Rank the classified molecules to identify the most structurally diverse or representative candidates.

Modes

• Intrinsic: total component size – sum of all matched fragment sizes.
• Intrinsic: max component size – largest single matched fragment.
• Intrinsic: total + max – weighted combination; use α and β to balance the two terms.
• Reference-based KL divergence – divergence from a supplied reference dataset. Supply a CSV/Excel/SQLite file as the reference.

Output

A sortable ranking table and a horizontal bar chart showing the top-30 priority scores. Higher scores indicate higher priority (more structural novelty or complexity relative to the reference).

Purpose

Visualise the PFASGroups fingerprint space as an interactive 2-D scatter plot.

Methods

• UMAP – fast, topology-preserving. Adjust n_neighbours (local structure) and min_dist (cluster compactness).
• PCA – linear; no hyper-parameters.
• t-SNE – non-linear; adjust perplexity.

Fingerprint presets

Select a FINGERPRINT_PRESETS key. best (binary + effective_graph_resistance) gives the best inter-group discrimination according to the MQG benchmark, but any preset can be used.

Colour by

By default, points are coloured by the dominant PFAS group. If a label column was loaded with the data, select it here to colour by an arbitrary property.

Purpose

Compare fingerprint descriptors for binary property prediction using HistGradientBoostingClassifier with repeated stratified k-fold CV.

Target column

Choose a column from your loaded data that contains binary labels (0/1 or True/False). Common examples: bioactive, toxic, active.

Fingerprint sets

• PFASGroups presets – any combination of the benchmark-validated fingerprint presets (binary, best, best_2, …).
• Morgan (RDKit) – radius-2 Morgan fingerprint, 512 bits. Useful baseline.
• ToxPrint (729 bits) – requires pyCSRML to be installed.
• TxP_PFAS (129 bits) – PFAS-specific ToxPrint subset; requires pyCSRML.
• Custom TSV/CSV – rows = molecules (same order as input), columns = bits. No header row.

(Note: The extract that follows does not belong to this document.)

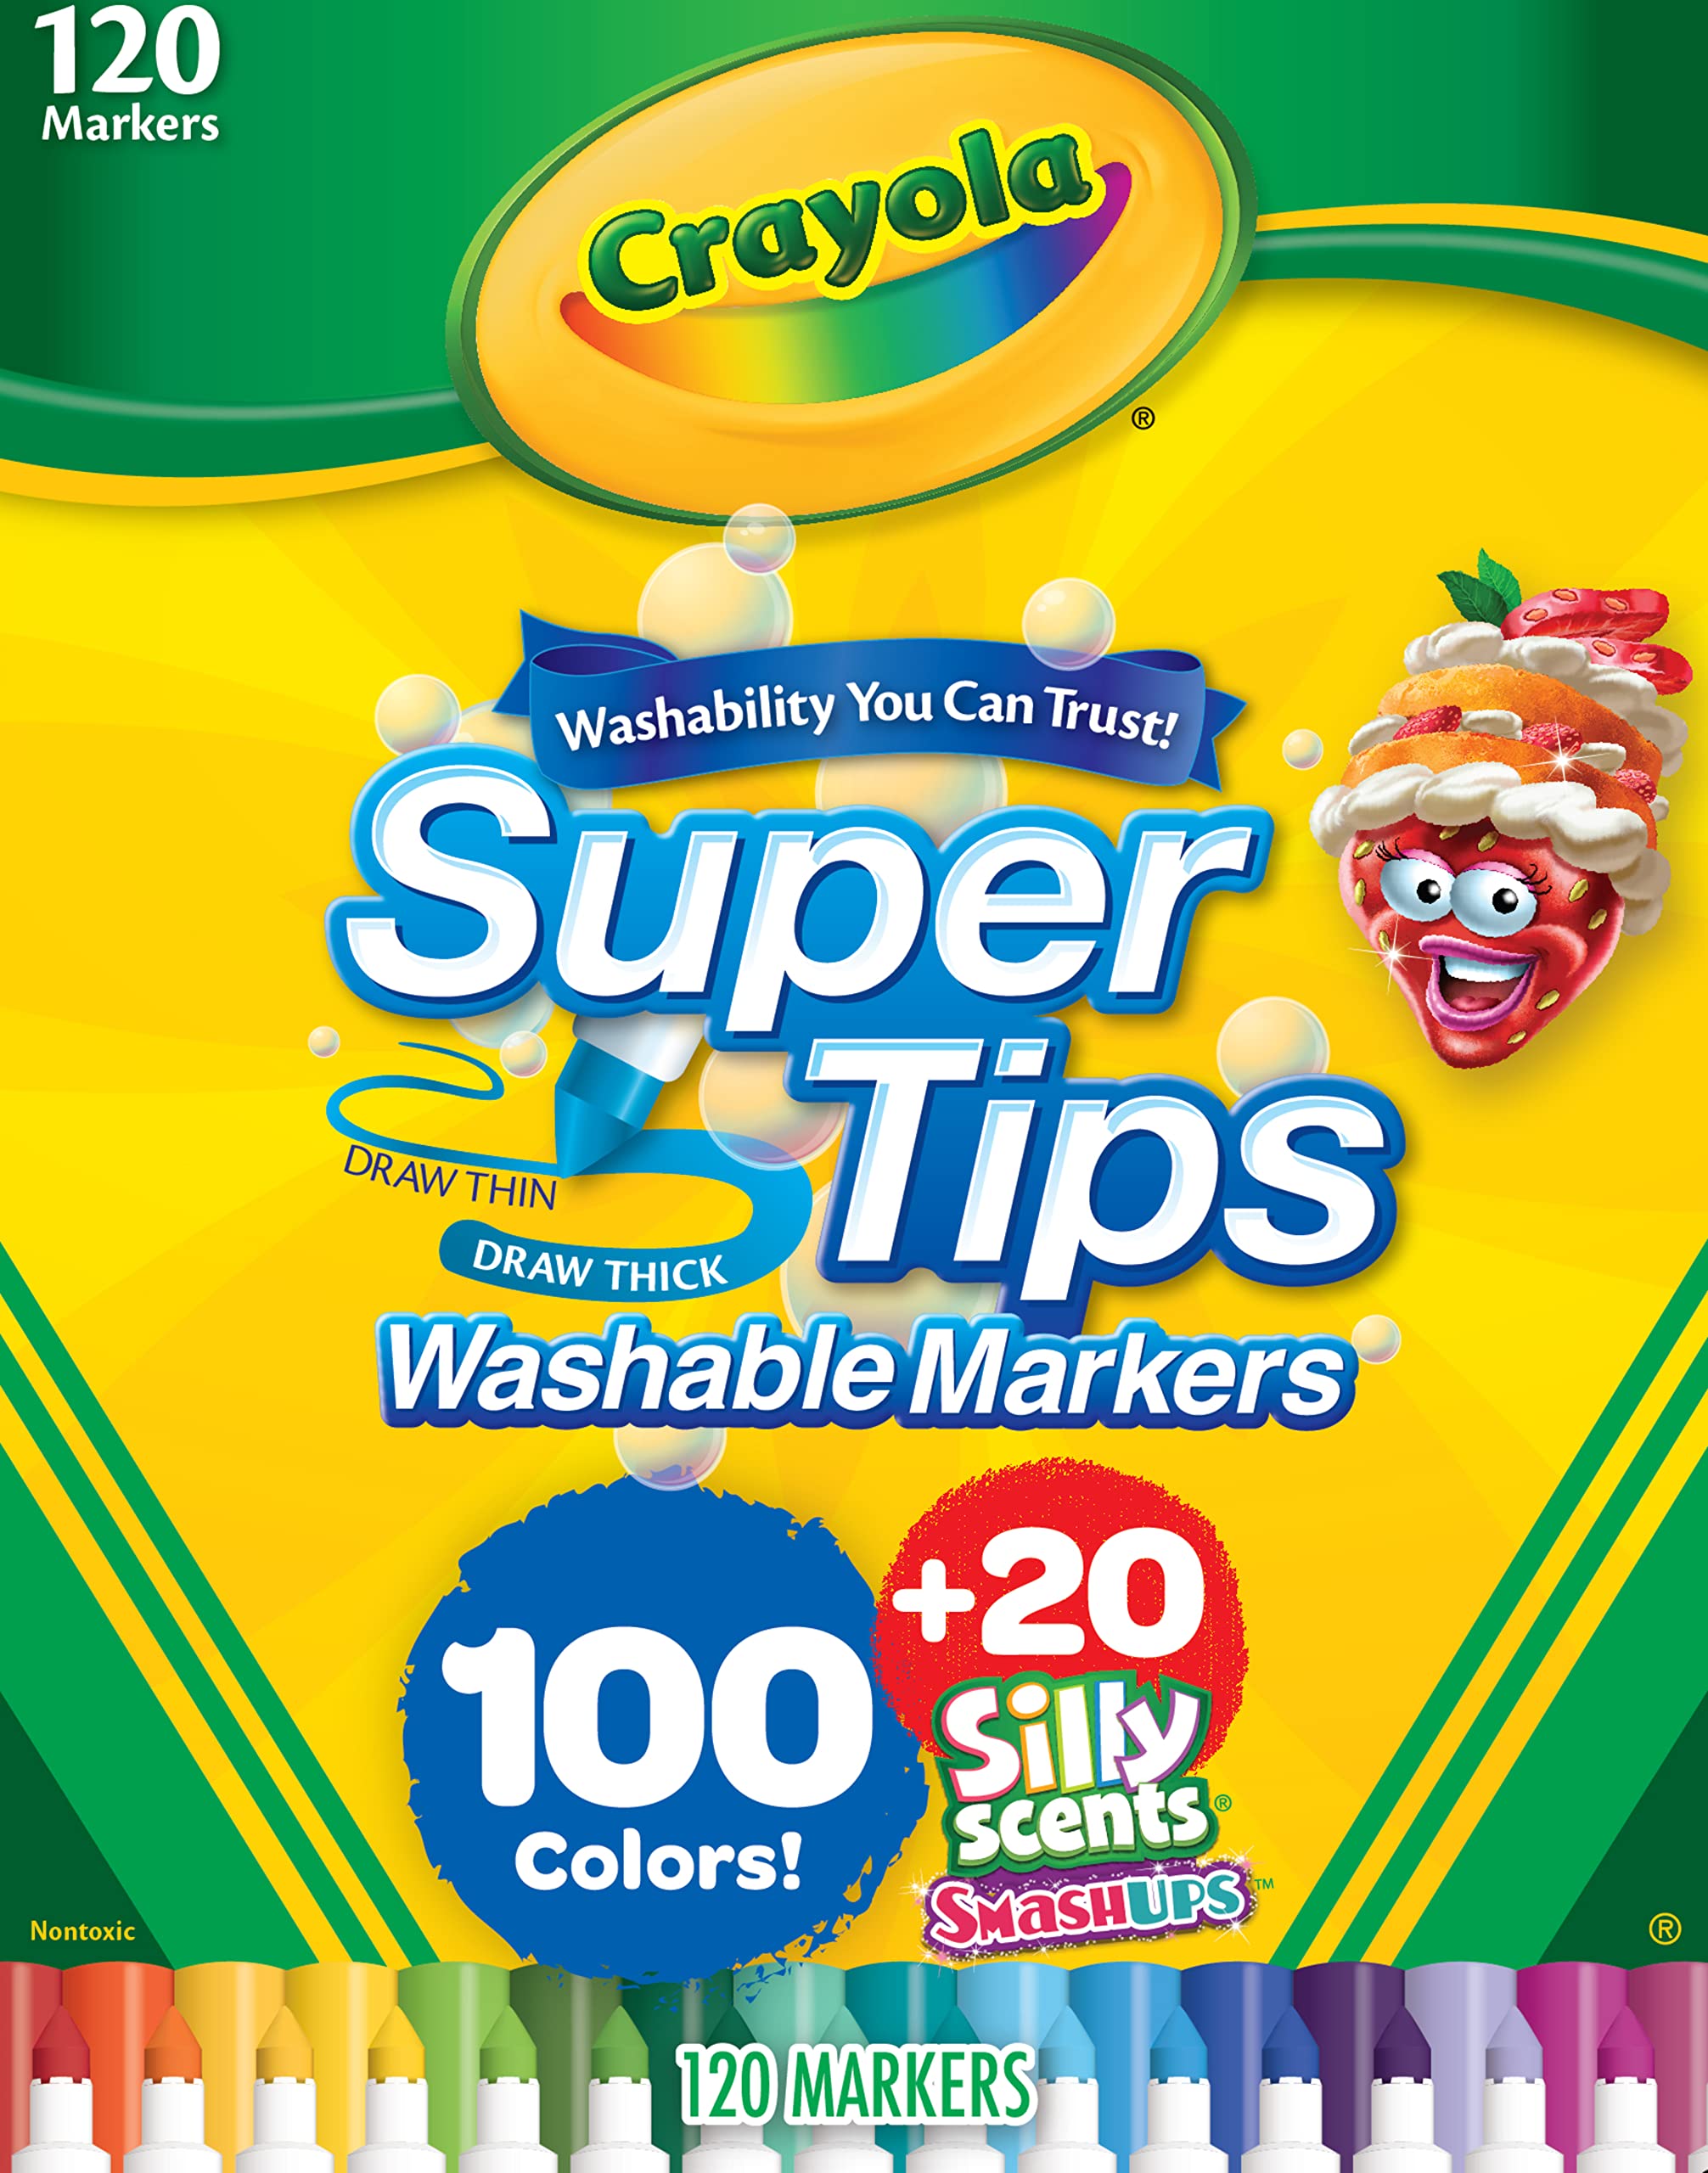 Crayola Super Tips Bulk Marker Set with Silly Scents Smash Ups, Kids Washable & Scented Markers, 120 Count, Gifts for Kids

Bayesian correlated t-test

All fingerprint-set pairs are compared using the Bayesian correlated t-test (Benavoli et al. 2017) with ROPE = 0.01 ROC-AUC. The table reports:

• P(A>B) – probability that set A is meaningfully better than B.
• P(ROPE) – probability that the two sets are practically equivalent.
• P(B>A) – probability that set B is meaningfully better than A.

• Ctrl+Q – quit the application.
• Ctrl+W – close (same as Ctrl+Q on Windows).

Install the GUI dependencies into your environment:

pip install "PFASGroups[gui]"

Or from the repository:

pip install -e ".[gui]"

Then launch with:

pfasgroups-gui

• Benavoli A et al. (2017) Time for a Change: a Tutorial for Comparing Multiple Classifiers Through Bayesian Analysis. JMLR 18(1):2653–2688.
• Nadeau C & Bengio Y (2003) Inference for the Generalization Error. Machine Learning 52(3):239–281.